1 long gun 2 long blocks 2a, 2b divided block S connection 3 gun module CL gun module mounting position center line 4 nozzles 8 Hot melt supply passage 8a Hot melt branch passage 10 Cartridge heater insertion hole 11 Cartridge heater (heater) 13 Upper connecting plate 14 Lower connection plate 15 Pipe joint for hot melt supply passage 16 Collar (pipe joint) 17 Sleeve (pipe joint) 18 O-ring mounting groove 19 O-ring 20 Pipe fitting insertion hole (mounting part) 21 Screw hole for compressed air pipe mounting 30 means of attraction 31 Implant bolt (pulling means) 32 nut (pulling means) 33 Belleville 34 Hexagon socket head cap screw (separation means) 35 Support 44 First support 45 L type metal fittings (first support) 46 props (first support) 47 connecting rod (first support) 48 slider (first support) 50 Second support 50a slide rail (second support) 50b Support main body (second support)

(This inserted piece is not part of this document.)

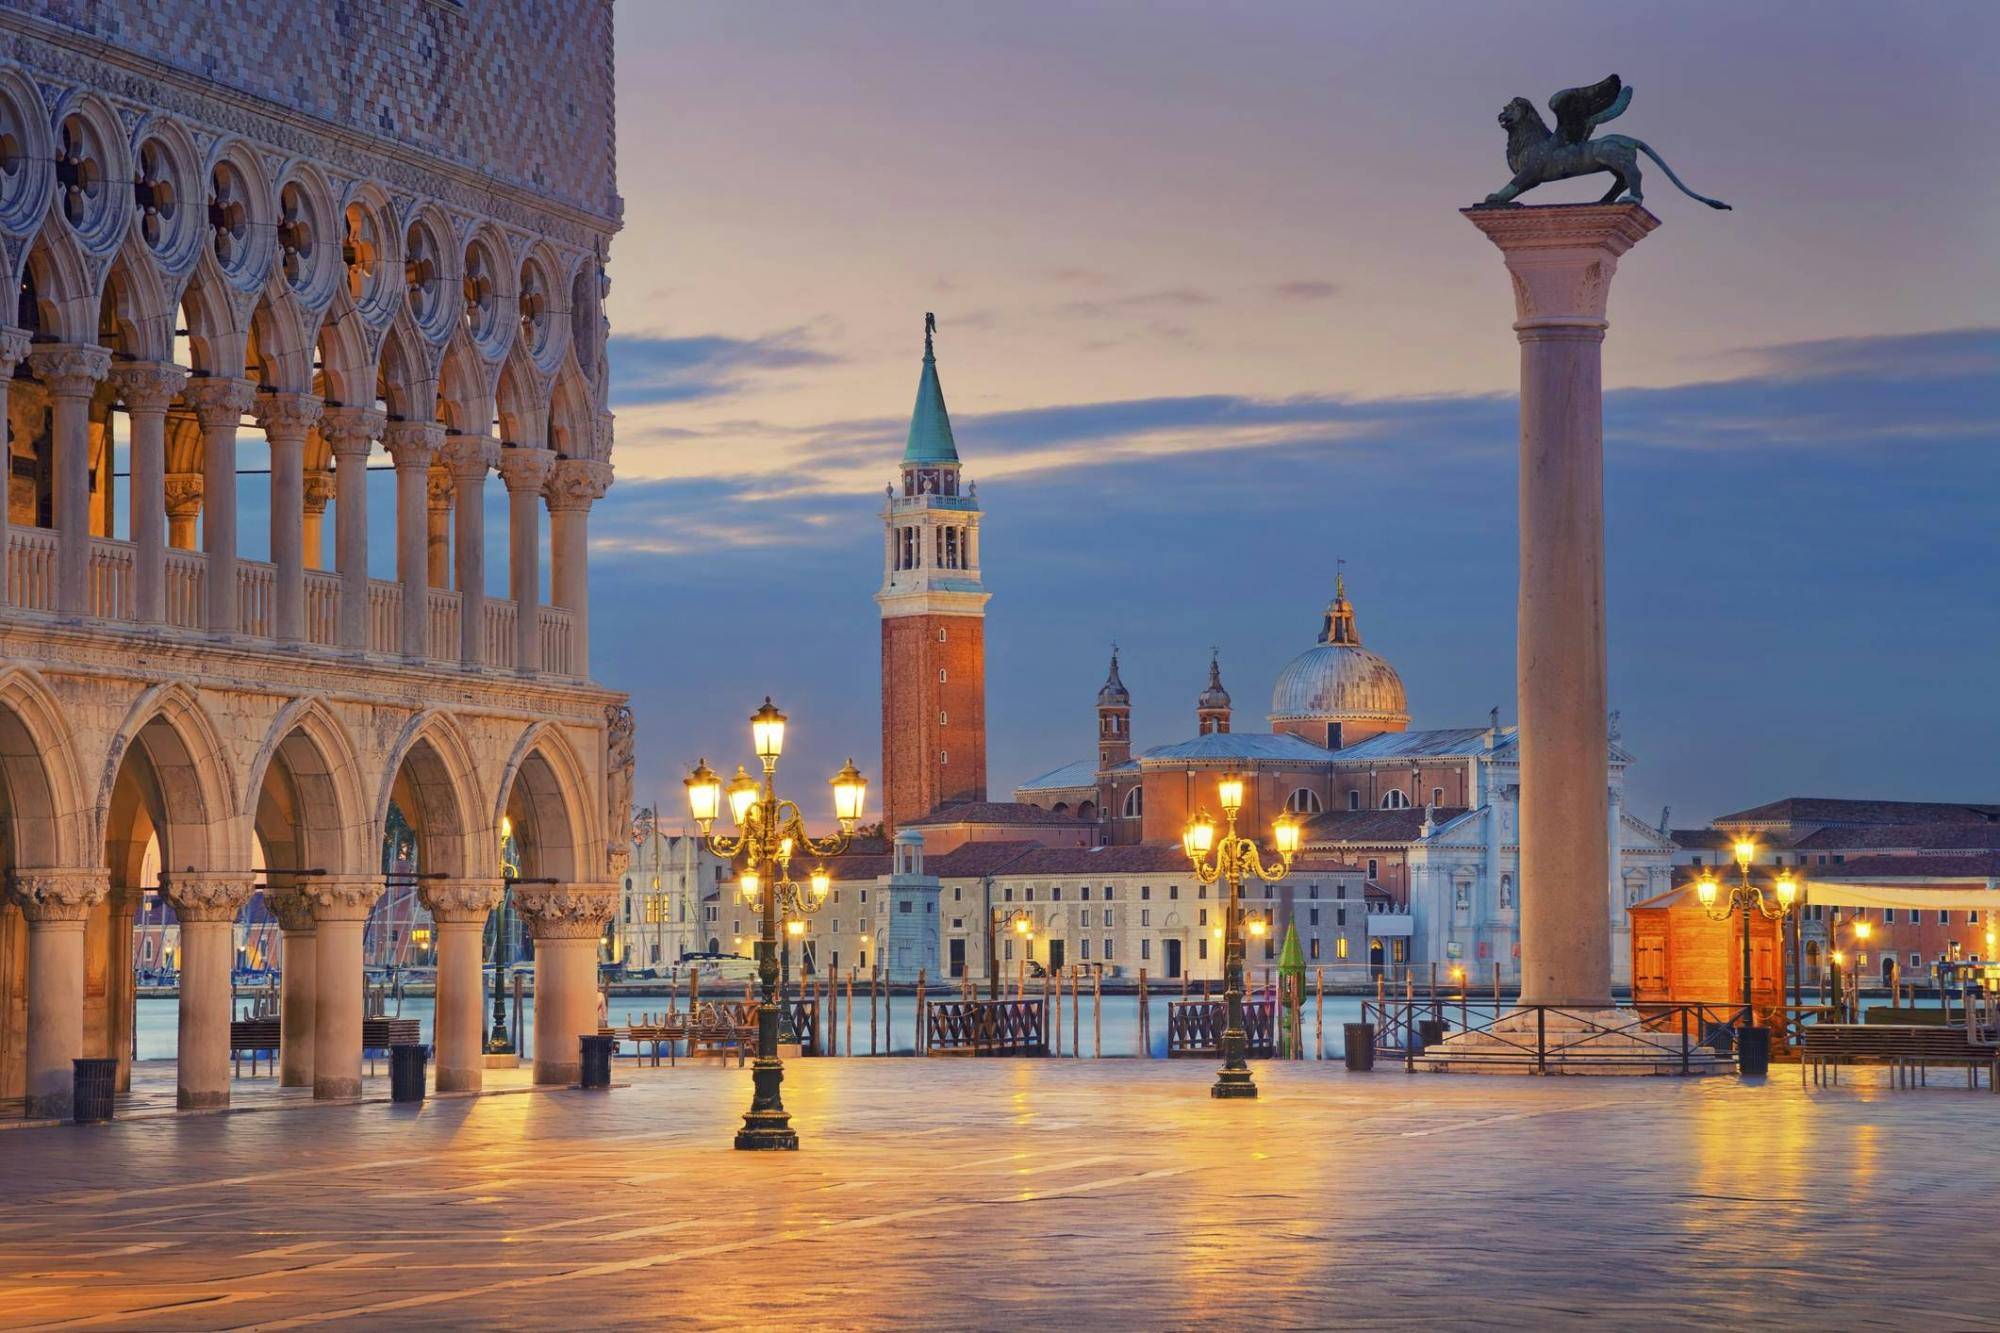 St Mark’s Basilica skip the line ticket with audioguide and Venice city self
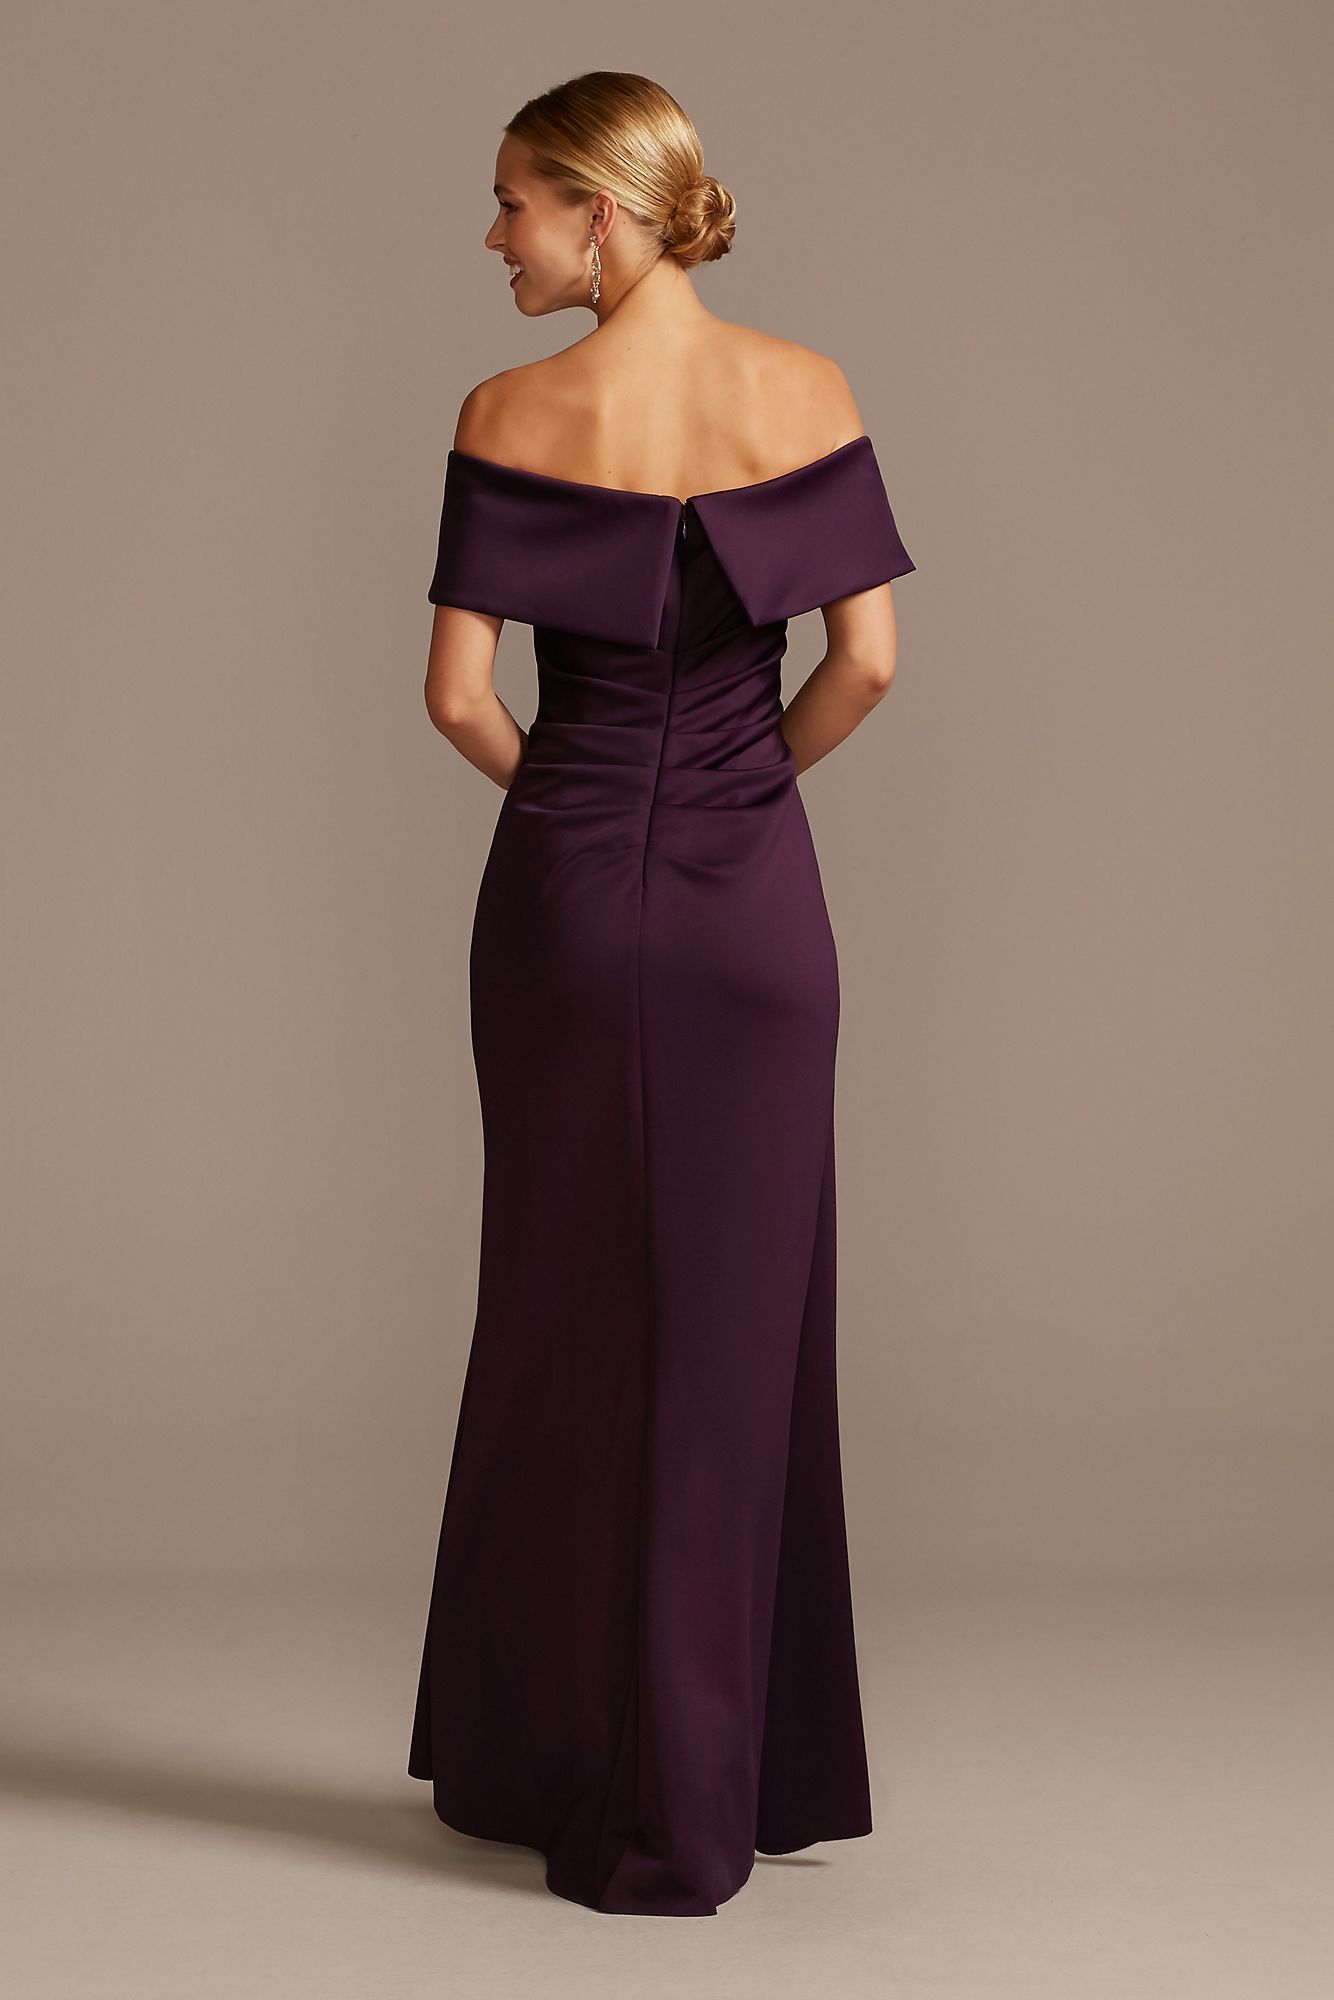 Off the Shoulder Ruched Gown with Hip Cascade 3008XD

   ─────────────────────────────────────────────────── ─── Continued front page    F-term (reference) 4F033 AA01 BA03 CA01 DA04 EA06                       HA01 LA13 NA01                 4F041 AA01 AB01 BA04 BA17 BA35                       BA48                 4F042 AA01 AB01 BA06 BA19 BA25                       CA08 CB04 CB08 CB10 CB11                       CB19 DA09

Claims (5)

[Claims] 1. A long block extending in the longitudinal direction having a high-temperature liquid or melt supply passage therein, and is supplied through a liquid or melt supply passage communicating with the block supply passage. A long gun for high-temperature liquid or melt, in which a plurality of gun modules equipped with nozzles for discharging the liquid or melt are juxtaposed in the longitudinal direction of the block, and the block of the long gun is provided. By dividing the block into a plurality of parts in the longitudinal direction, connecting the divided blocks with a connecting member, and communicating the liquid or melt supply passages of the blocks with each other by pipe joints.
A long gun for high-temperature liquids or melts, characterized in that the whole is integrally connected to form a long gun. 2. The pipe joint is fitted and embedded in a mounting portion formed in communication with an end portion of a liquid or melt supply passage formed on a divided end surface of each divided block. A long gun for hot liquids or melts according to claim 1, characterized in that it is mounted in a fixed manner. 3. The high temperature liquid or melt according to claim 1 or 2, wherein each of the divided blocks has a heater installed therein, and joint end faces of the divided blocks are connected to each other with a predetermined gap. Long gun for the body. 4. Discharge of a liquid or a melt from a nozzle to the support, in the vicinity of the connecting portion of each divided block and between the block and a support at an appropriate position in the longitudinal direction of the block. A plurality of pairs of pulling means and pulling means for pulling and pulling apart in the same direction as the direction are attached, and the positions of the nozzle tips of many gun modules with respect to the object to be coated can be adjusted or corrected. An elongate gun for hot liquids or melts according to claim 1 or 2 or 3. 5. A pair of pulling means mounted between the block and a plurality of pairs of pulling means are mounted on respective first support bodies, and the respective first support bodies are mounted on the second support body. The long gun for a high temperature liquid or melt according to claim 4, wherein the long gun is slidably mounted in the same direction as the longitudinal direction of the block.